Articolo postato venerdì 4 gennaio 2008
da Luigi Nacci

Si pubblica la sinossi della tesi di laurea di Valerio Cuccaroni, intitolata Un poeta neovolgare. Franco Scataglini nella poesia italiana del secondo Novecento (discussa all’Università di Bologna nel 2001; Premio Internazionale "Eugenio Montale" 2002). Nella versione integrale la tesi sarà pubblicata sul web-magazine "Fucine Mute" (la prima parte è già on line sul n. 103).
Nel file allegato a destra - sempre a cura di Cuccaroni - si può leggere una selezione di testi estratti da diverse raccolte di Scataglini (del quale segnalo il sito: http://www.scataglini.it/).

Colgo quindi l’occasione per ringraziare Valerio, che ha accettato di diventare redattore di AP. Qualche notizia su di lui: vive ad Ancona, dove è nato nel 1977; è dottore di ricerca in Italianistica all’Università di Bologna e Paris IV-Sorbonne (con una tesi su Paolo Volponi); come giornalista ha lavorato a Parigi nel Servizio di Conferenze e Convegni in Storia dell’Arte dell’Auditorium del Museo del Louvre e nella redazione di "Le monde diplomatique", svolgendo in seguito traduzioni per l’edizione italiana. Attualmente è direttore della rivista "Argo", di cui è stato fondatore, collabora con "Il Messaggero" e "Poesia". Ha pubblicato numerose recensioni, articoli e saggi, la silloge poetica Melodiche (1998) e il romanzo breve Gli anni dei padroni (2004). Nel 2003 ha fondato l’Associazione NIE WIEM Onlus di Ancona, con cui organizza laboratori di scrittura nelle carceri e nelle comunità terapeutiche per persone affette da disagio psichico, il Poesia Festival La punta della lingua e il concorso nazionale per cortometraggi Corto Dorico.


***


Minoranze scomode: il poeta neovolgare Franco Scataglini


Si è parlato molto negli anni passati di poesia neodialettale, indicando con questo termine una pianta, per alcuni infestante per altri benefica, che nel corso del secondo Novecento è germogliata e si è incuneata nel fusto della letteratura italiana, anche grazie all’impulso fertilizzante di autorità come Contini e Pasolini. Radici di questa pianta sono autori, per capirci, come Franco Loi, Tonino Guerra e Fernando Bandini, fra gli altri. Sono molti i critici che hanno contribuito alla beatificazione di questa piantina, trasformandola, come nei miti greci, in una vera e propria costellazione, entrata poi a far parte della vasta galassia della poesia dialettale italiana: Brevini, Isella, Mengaldo, Segre su tutti.

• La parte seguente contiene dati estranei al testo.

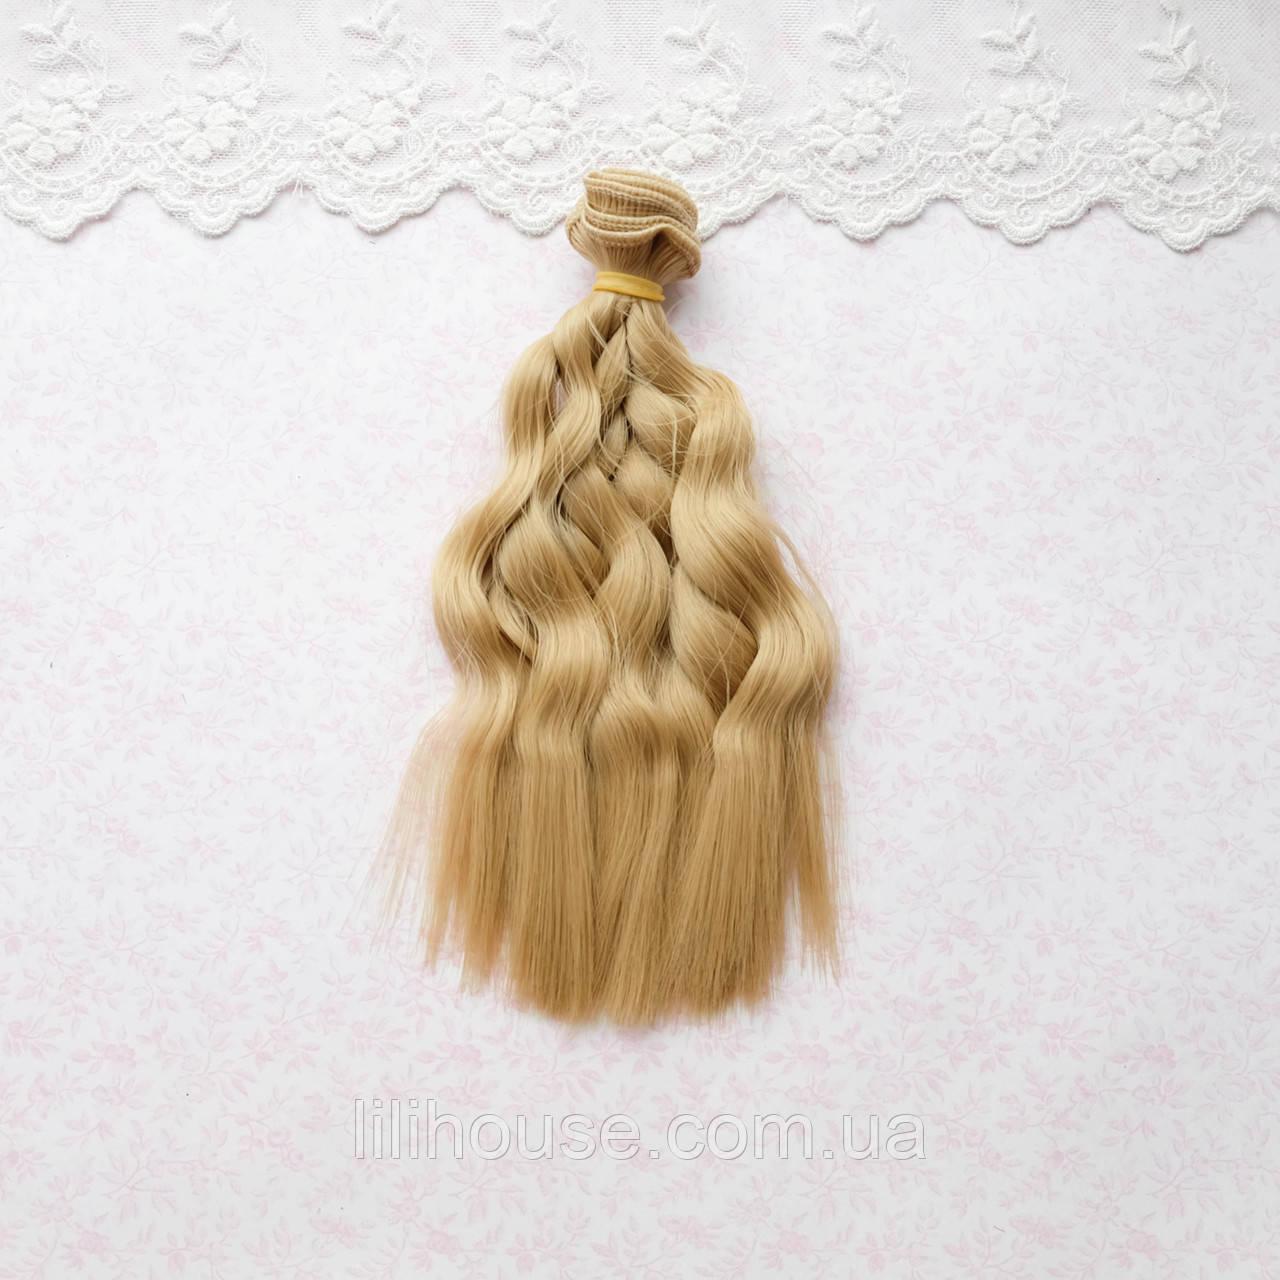 Волосы для кукол в трессах легкие кудри косичка, светло-русые - 15 см

E proprio a Franco Brevini, uno dei più strenui sostenitori della poesia dialettale, si devono i tre volumi de La poesia in dialetto, pubblicati nel 1999 nei Meridiani, opera che ha sancito il riconoscimento ufficiale della dignità letteraria di questo genere poetico.
Fra i massimi esponenti della cosiddetta poesia neodialettale, lo stesso Brevini e altri hanno indicato Franco Scataglini, poeta ormai incluso in tutte le antologie della poesia italiana del secondo Novecento, il cui valore è riconosciuto dalla maggior parte dei critici letterari italiani e dello sparuto pubblico della poesia contemporanea.
Scataglini, però, era un poeta in dialetto solo in parte, innanzitutto perché l’anconetano non è un vero e proprio dialetto, morfosintatticamente infatti non si discosta in maniera sostanziale dall’italiano, come invece, per fare un solo esempio, il casarsene di Pasolini, ma soprattutto perché Scataglini ha ibridato l’anconetano, spurgandolo dei suoi tratti vernacolari e ingemmandolo di arcaismi, andando così oltre il dialetto. Scataglini potrebbe considerarsi un neodialettale e andrebbe inserito in questa corrente, solo per ciò che pertiene la poetica, però, perché, come i neodialettali alla Pasolini o alla Guerra, egli ha scelto una lingua isolata non un dialetto diffuso né con grandi tradizioni letterarie alle spalle, come il milanese, il romanesco o il napoletano. Dal punto di vista linguistico, tuttavia, Scataglini sfugge alle classificazioni, avendo creando una propria originale lingua d’autore, più vicina al volgare toscano delle origini o, per venire al contemporaneo, ai pastiche di Gadda, che non alla lingua dei poeti vernacolari anconetani.
In poesia, del resto, differentemente dalla prosa (sempre che non sia prosa d’arte), si è sempre teso, soprattutto in Italia, alla costruzione di una lingua codificata, profondamente diversa dalla lingua parlata (già al tempo dei volgari). Non ha forse fatto la stessa operazione Dante con il Fiorentino del Duecento e Montale con l’Italiano parlato d’inizio Novecento, dotandolo di arcaismi e cultismi? Così la base linguistica di partenza di Scataglini è un vernacolo assai simile al toscano, quasi un italiano regionale, da cui però il poeta ha ricavato una lingua d’arte che non necessita di alcuna traduzione a fronte e che ha quindi tutti i diritti di trovarsi in una storia della letteratura italiana tout court e magari di metterla ulteriormente in crisi con la sua presenza. A meno che non si vogliano riproporre anacronistiche posizioni puriste.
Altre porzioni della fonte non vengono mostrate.